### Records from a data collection

=== Begin Enclosure ===

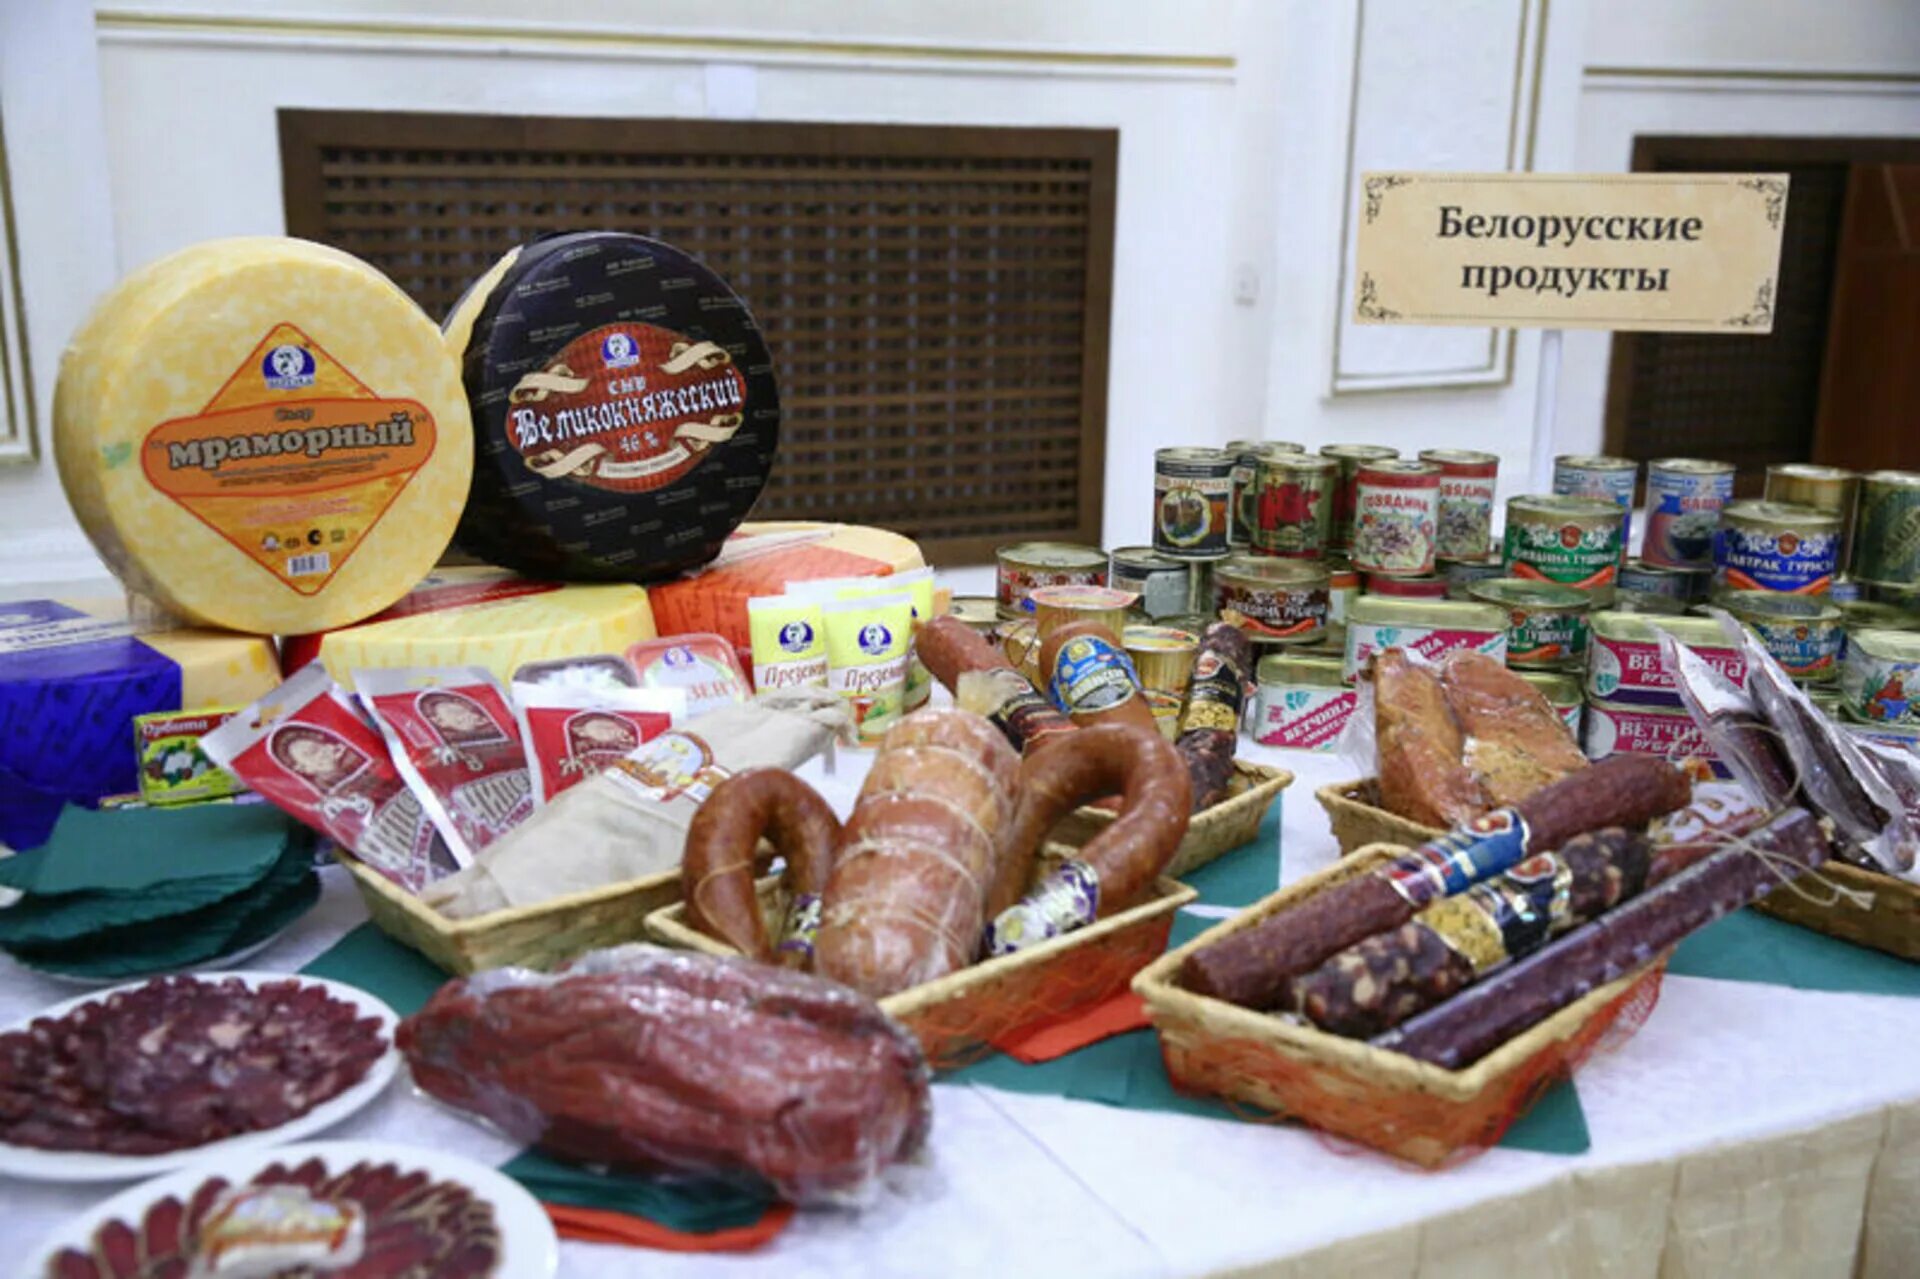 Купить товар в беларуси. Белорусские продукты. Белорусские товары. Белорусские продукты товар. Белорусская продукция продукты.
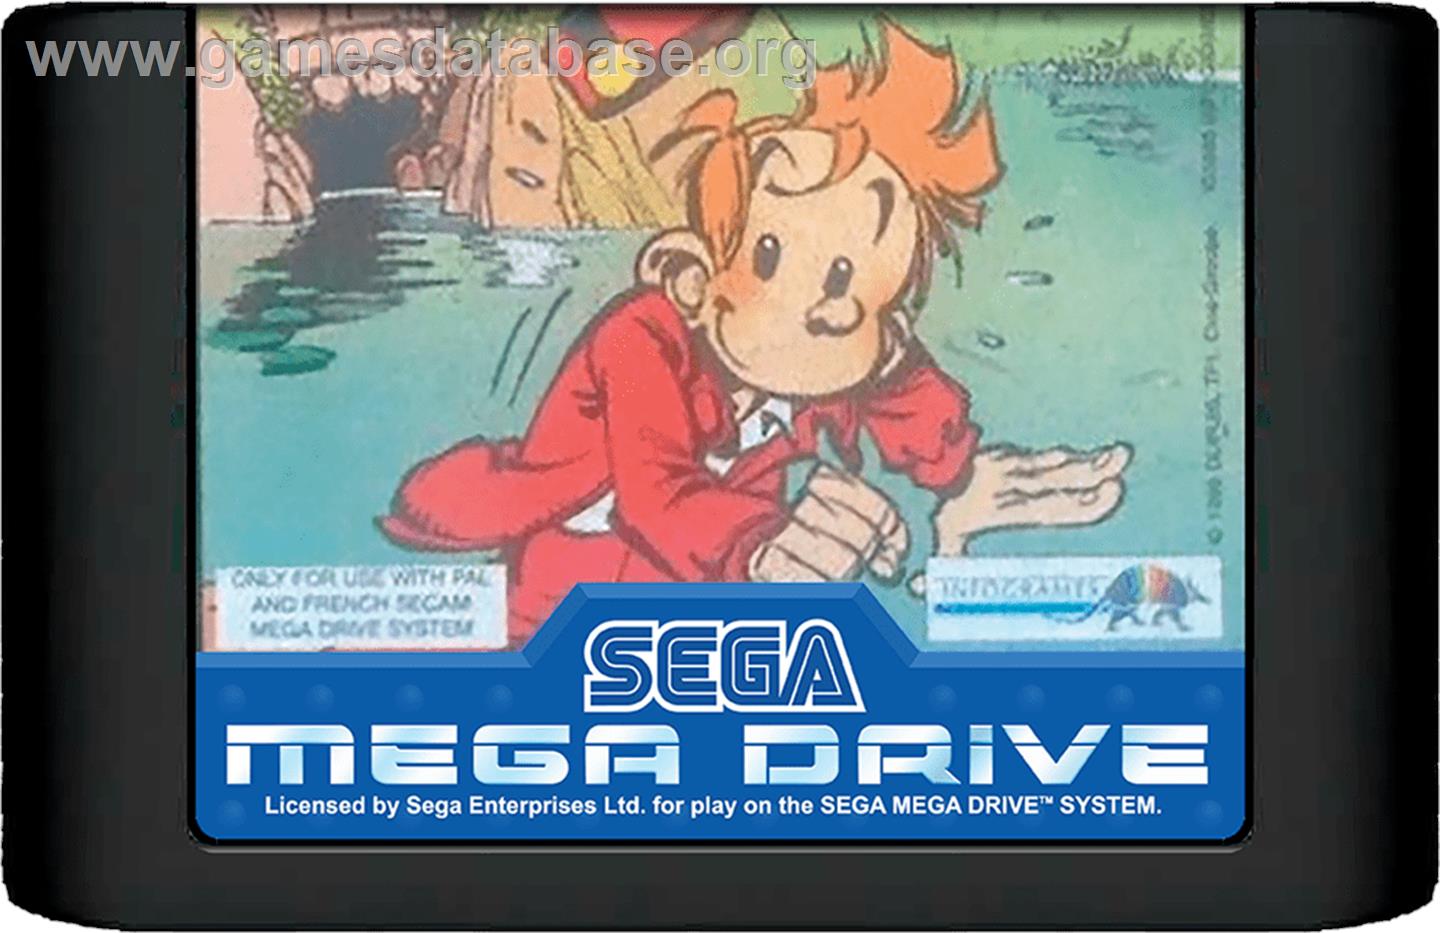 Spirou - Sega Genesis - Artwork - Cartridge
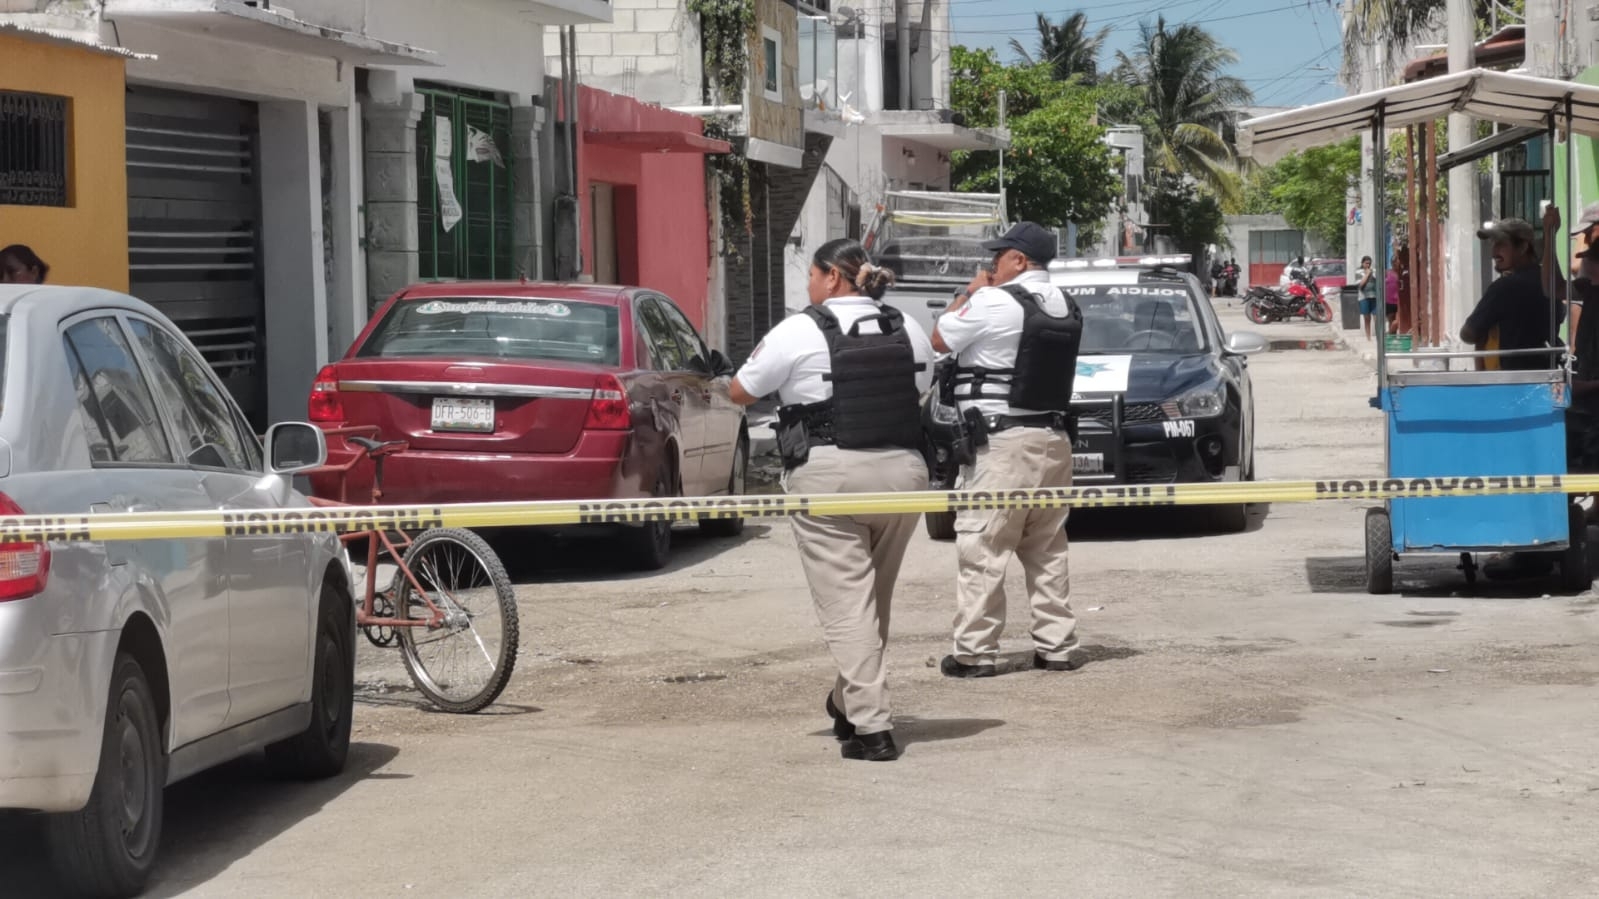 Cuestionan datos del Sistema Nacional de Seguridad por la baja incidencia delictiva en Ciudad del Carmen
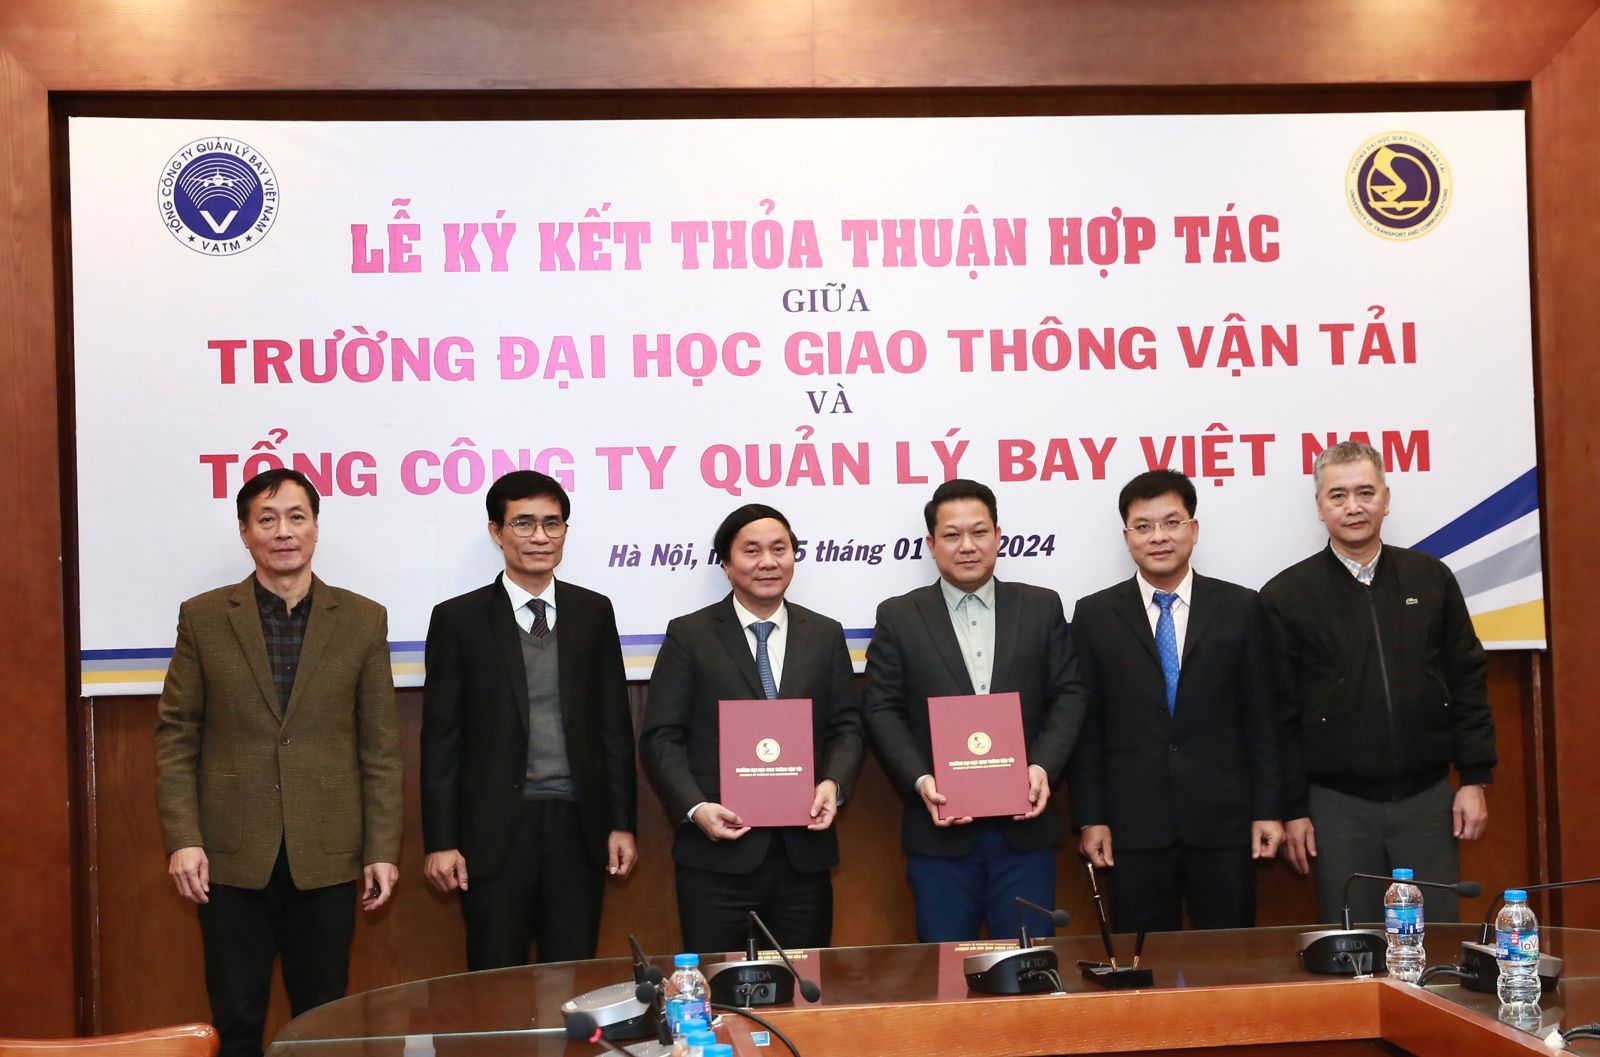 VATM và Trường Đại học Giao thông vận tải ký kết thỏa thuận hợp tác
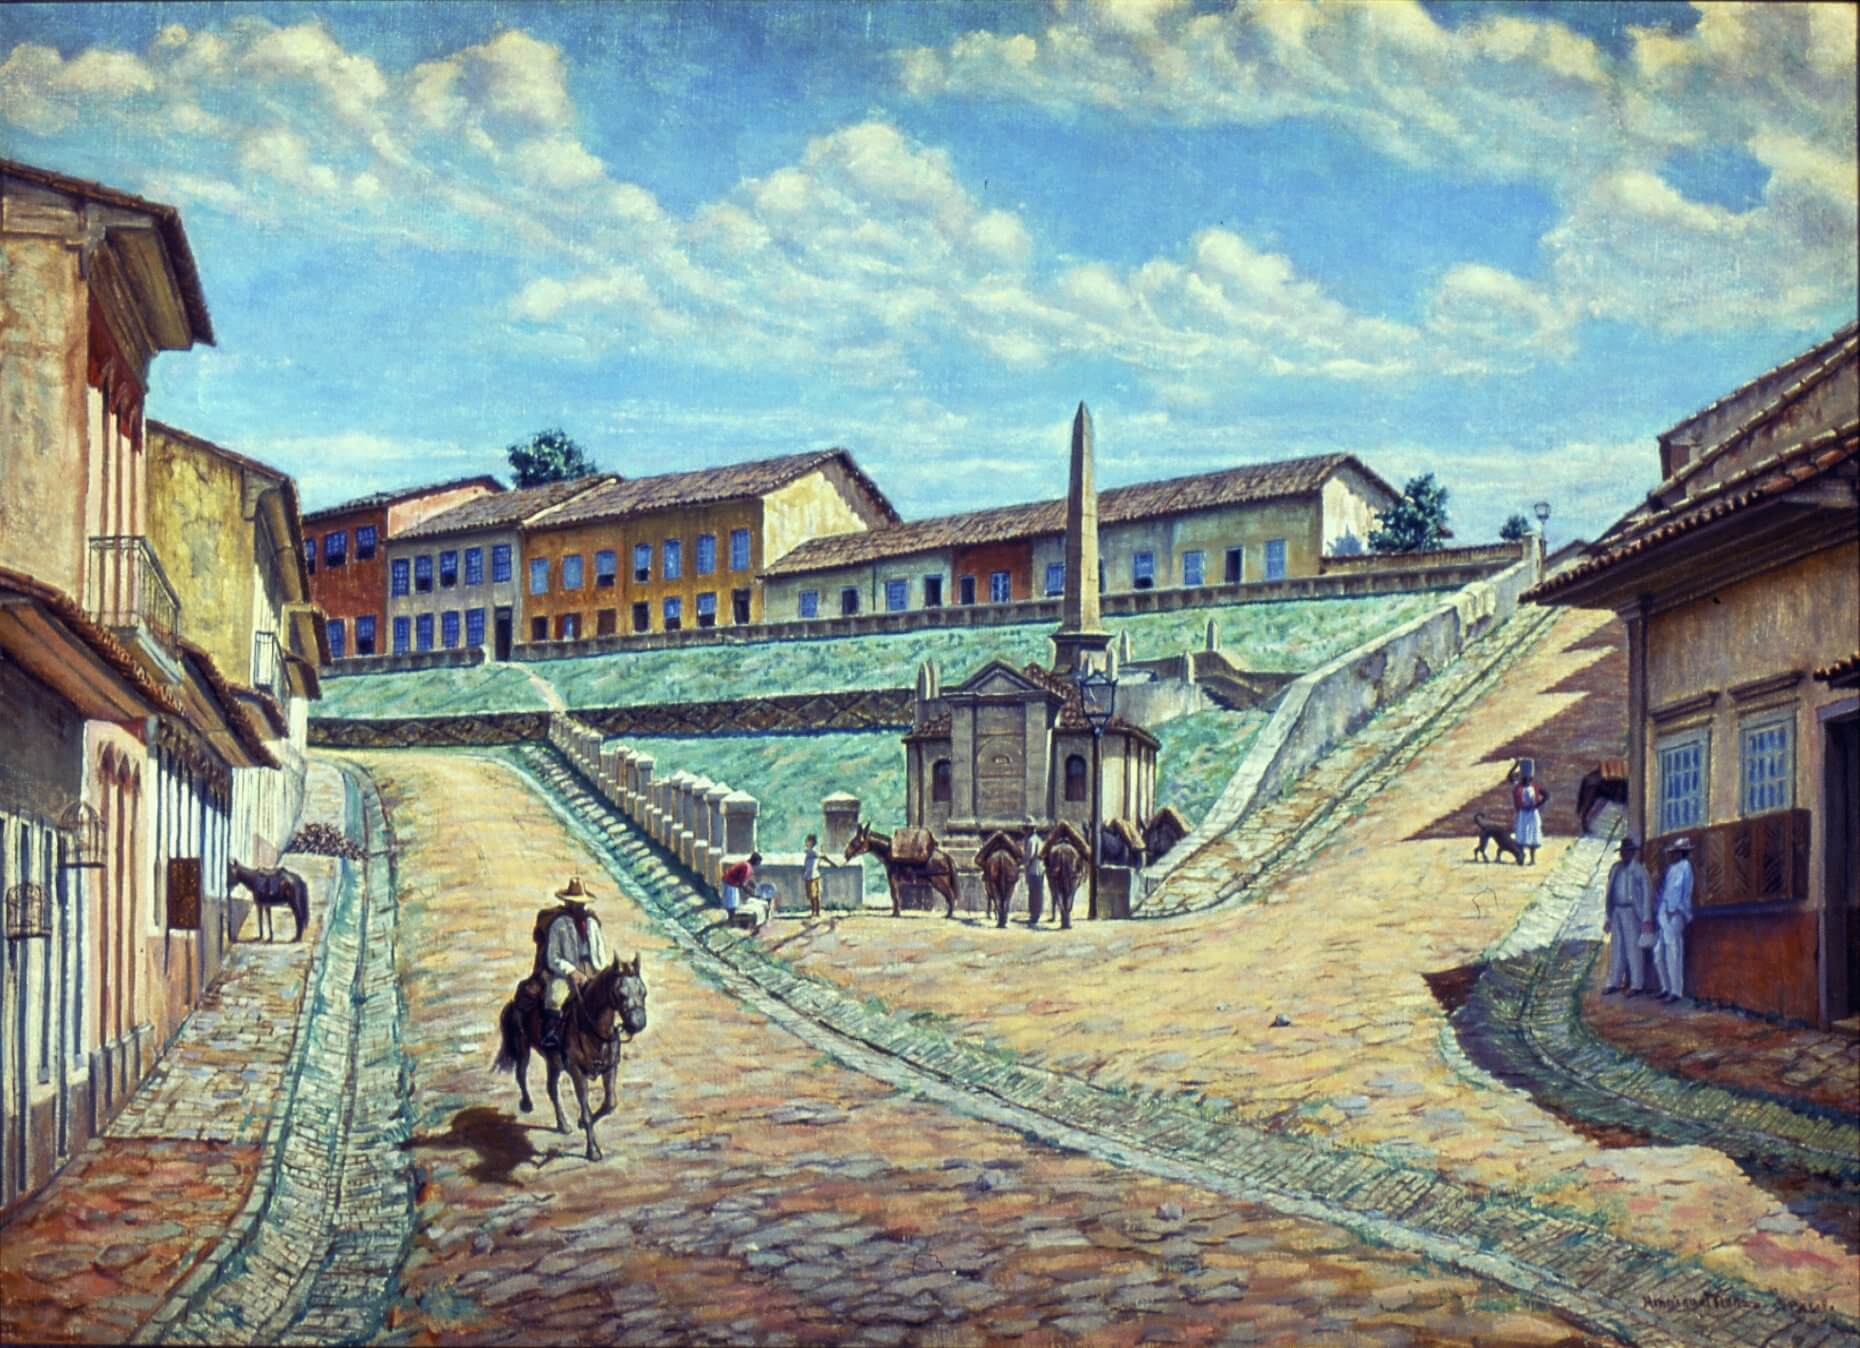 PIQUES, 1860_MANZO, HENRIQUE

=== End Enclosure ===

### WORK REQUIRED
Could the lines above be copied out exactly, with no image carried over?

### ANSWER TO THE PROBLEM
 Купить товар в беларуси. Белорусские продукты. Белорусские товары. Белорусские продукты товар. Белорусская продукция продукты.
 Spirou - Sega Genesis - Artwork - Cartridge
 Cuestionan datos del Sistema Nacional de Seguridad por la baja incidencia delictiva en Ciudad del Carmen
 VATM và Trường Đại học Giao thông vận tải ký kết thỏa thuận hợp tác
 PIQUES, 1860_MANZO, HENRIQUE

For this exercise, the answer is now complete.